▶
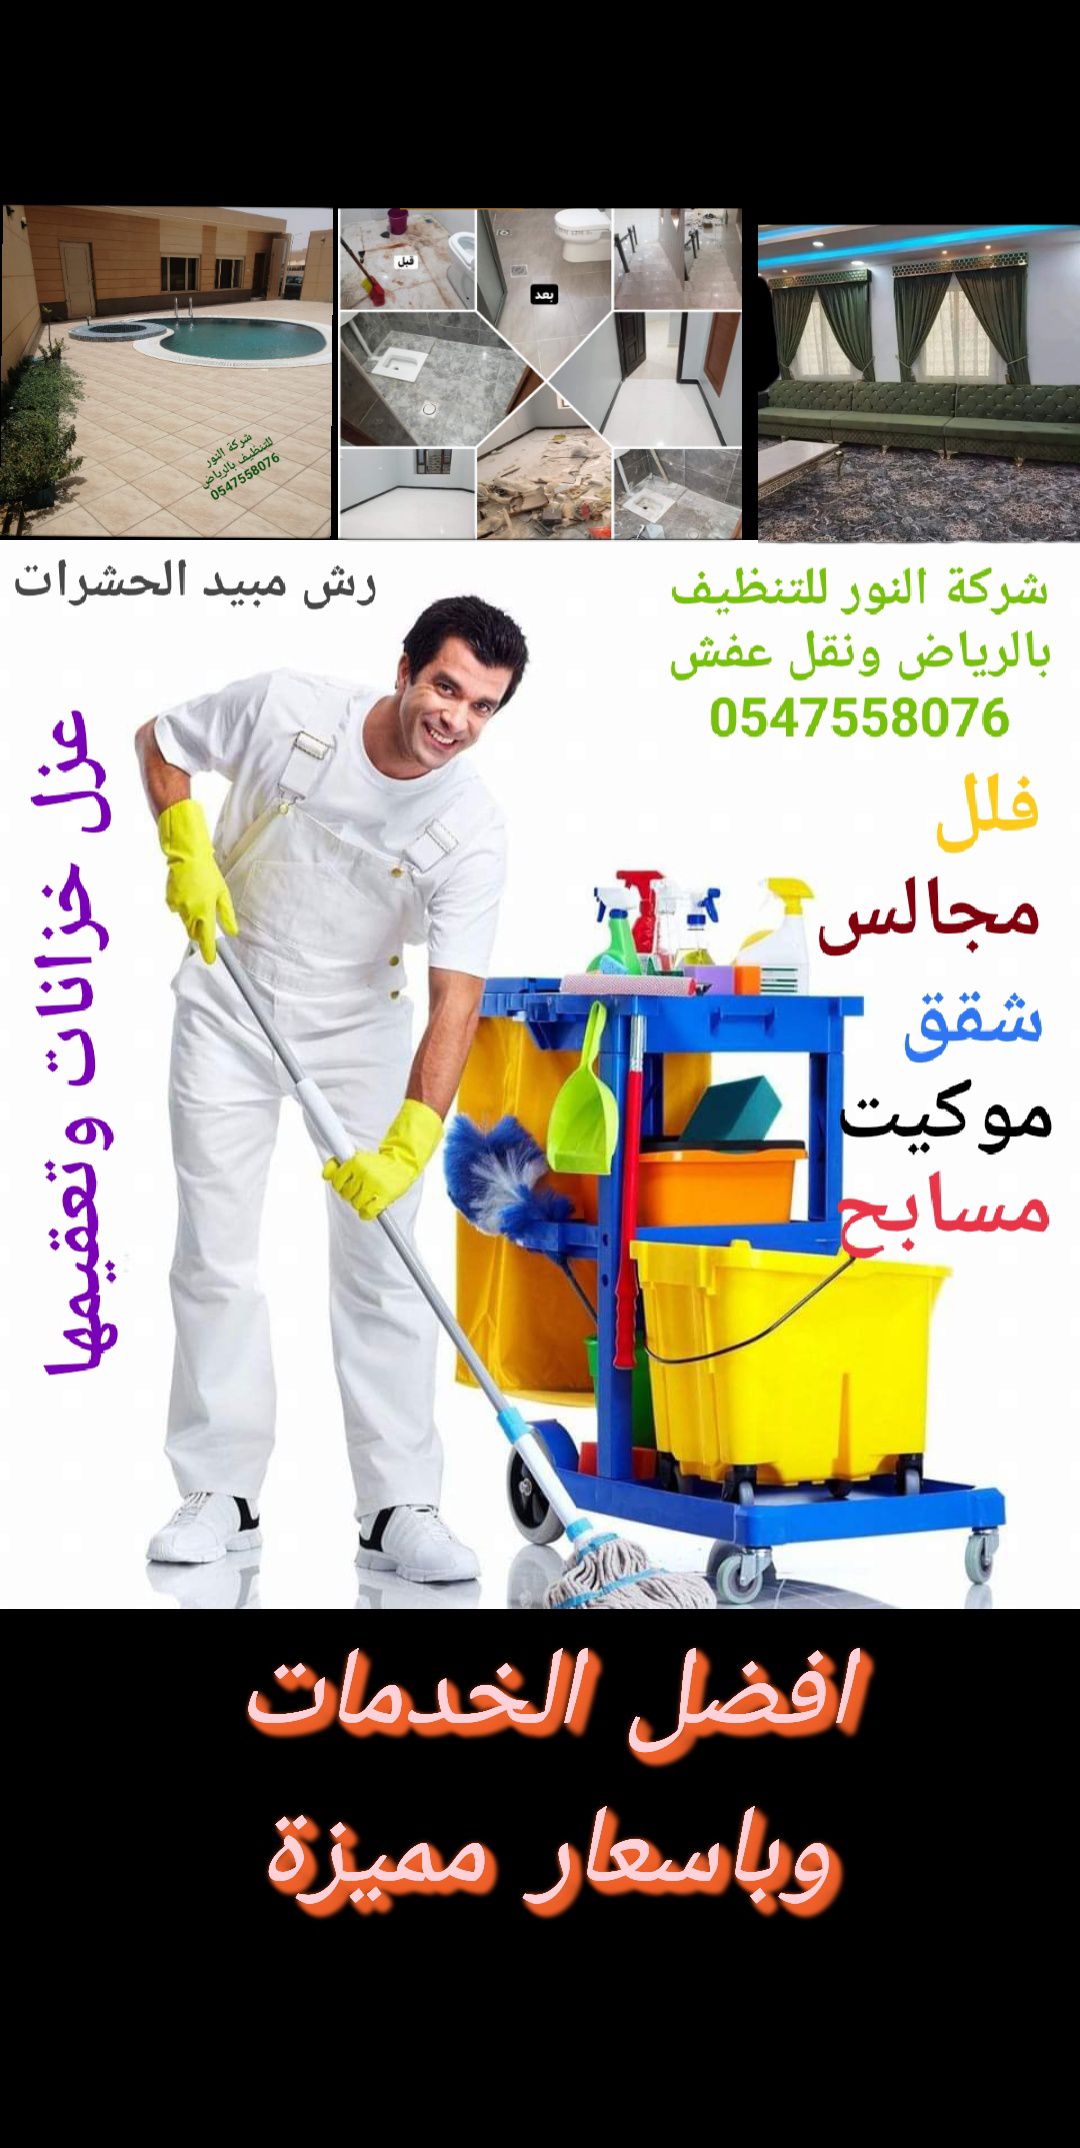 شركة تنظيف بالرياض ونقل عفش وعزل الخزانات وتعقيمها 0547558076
◀
▶
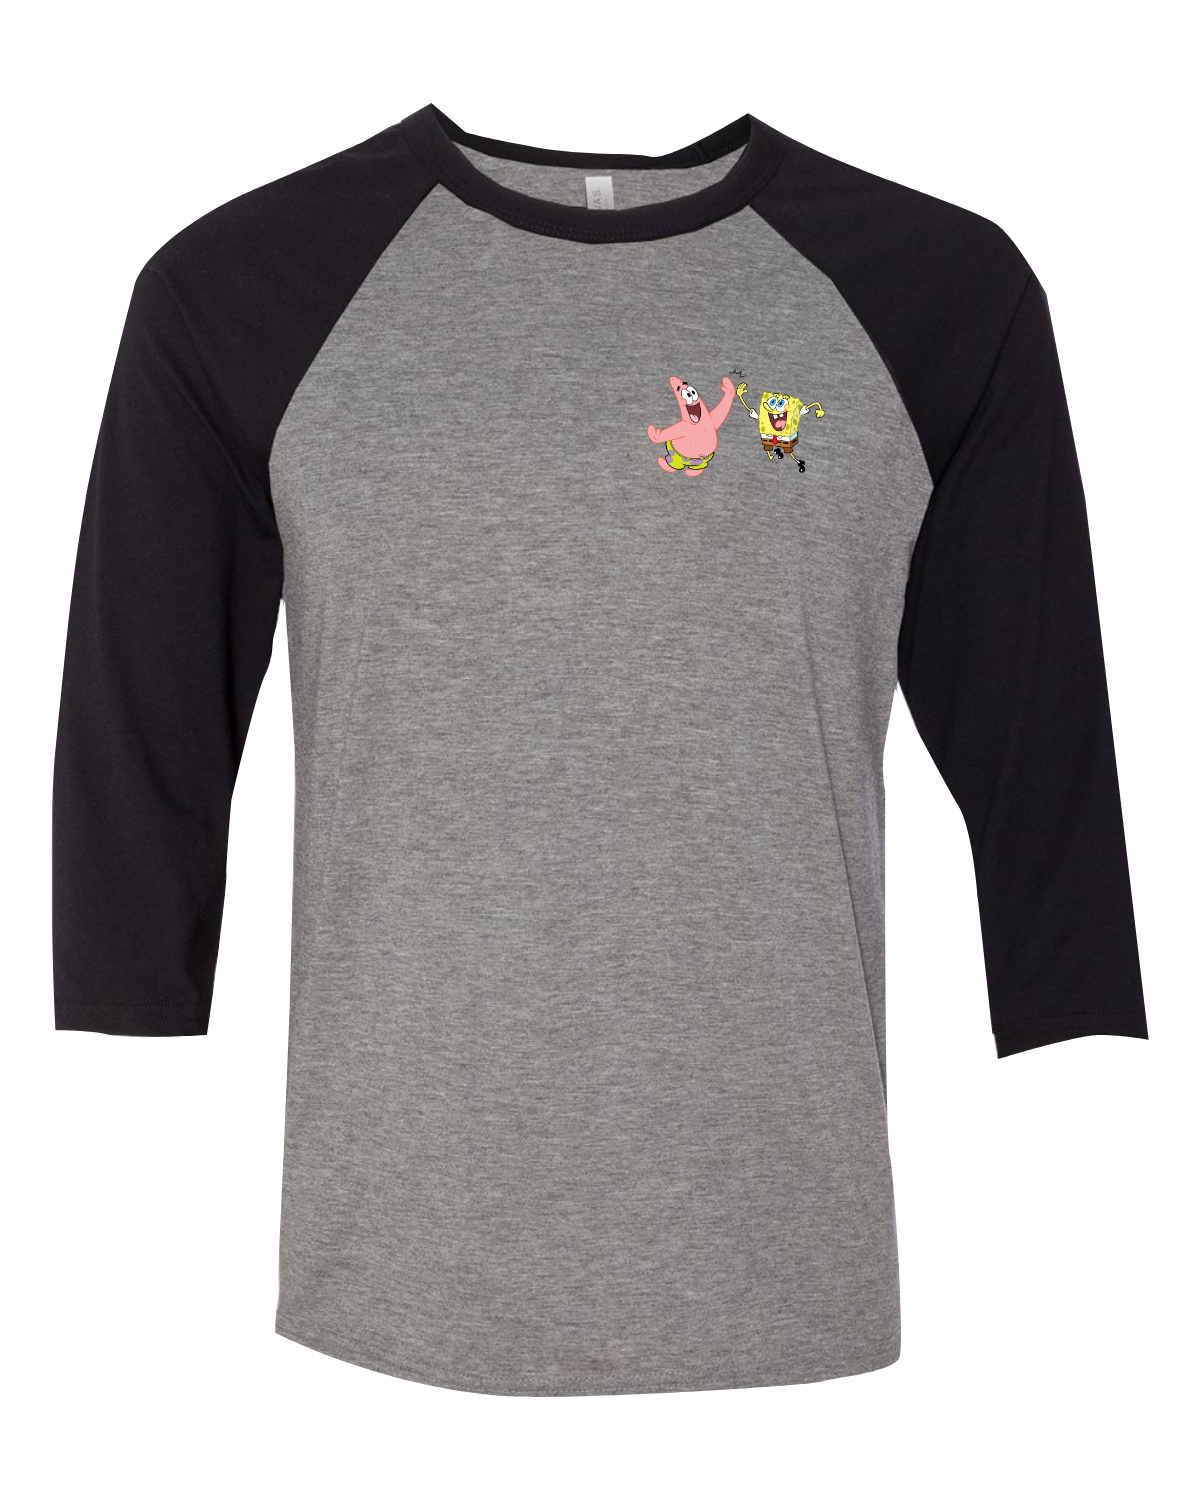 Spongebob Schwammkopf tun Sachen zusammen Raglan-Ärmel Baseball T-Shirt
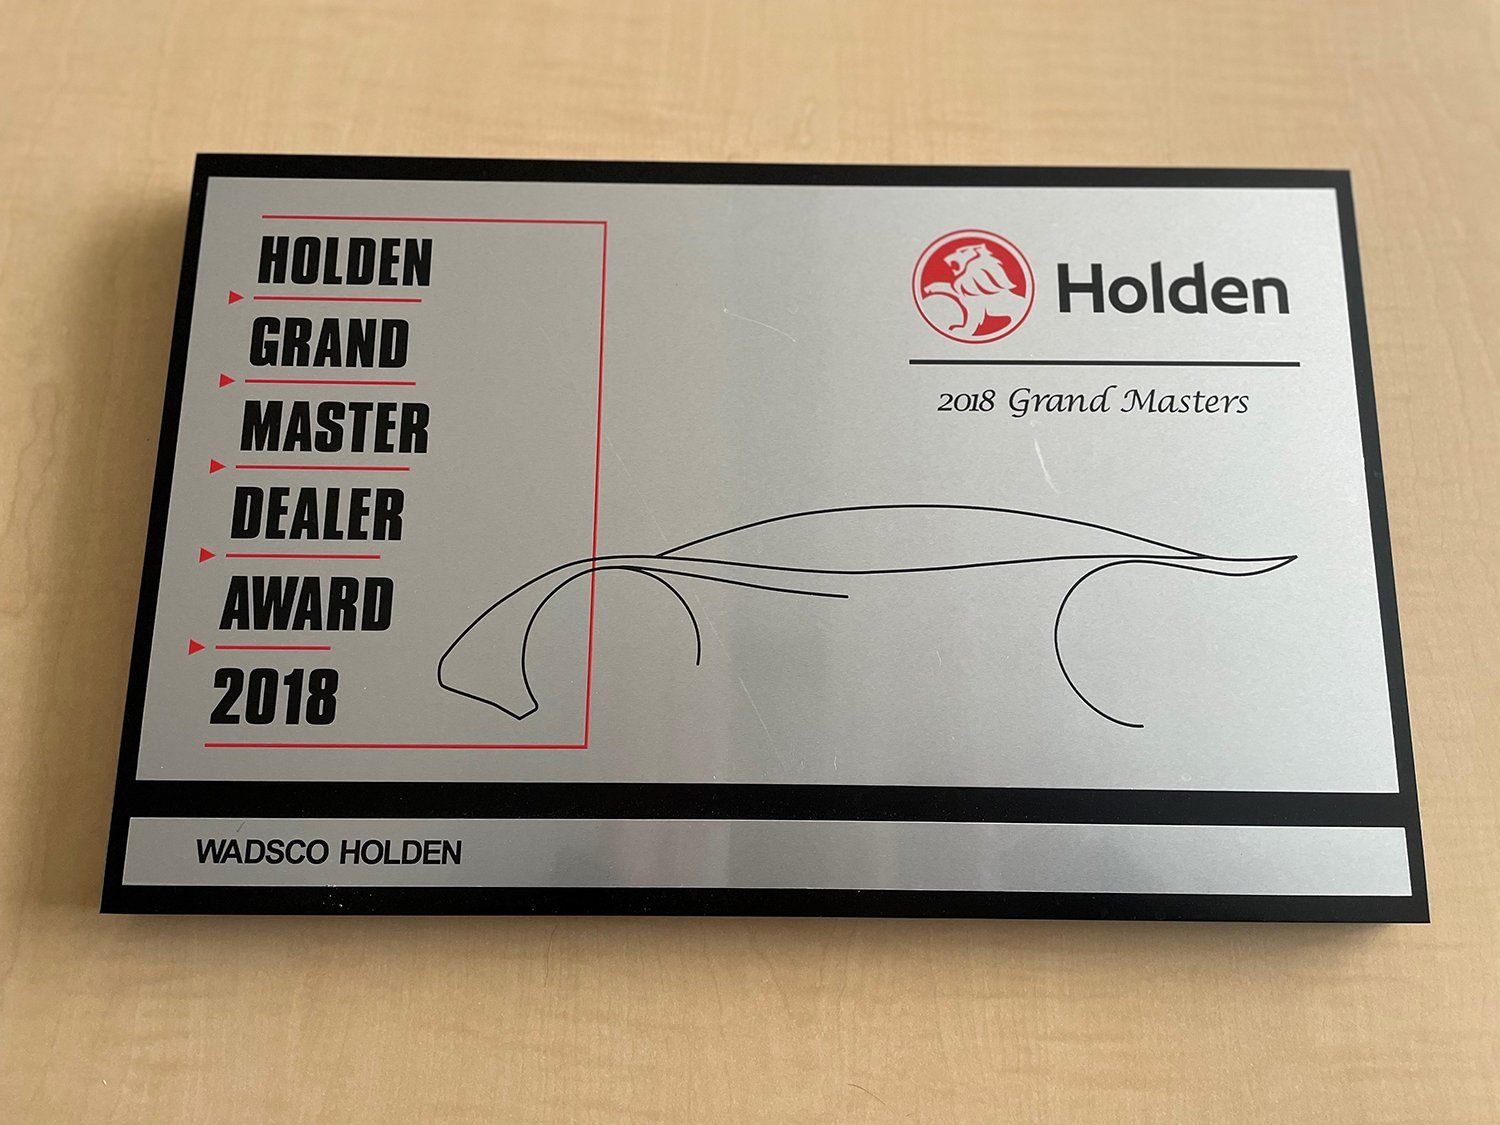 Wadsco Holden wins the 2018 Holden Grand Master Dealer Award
◀
What to do:
When you reach the line that has "Spongebob Schwammkopf tun" in the data above, start repeating lines exactly, and stop after the line that has "Wadsco Holden wins"; pictures stay out.

Solution for this problem:
 Spongebob Schwammkopf tun Sachen zusammen Raglan-Ärmel Baseball T-Shirt
 Wadsco Holden wins the 2018 Holden Grand Master Dealer Award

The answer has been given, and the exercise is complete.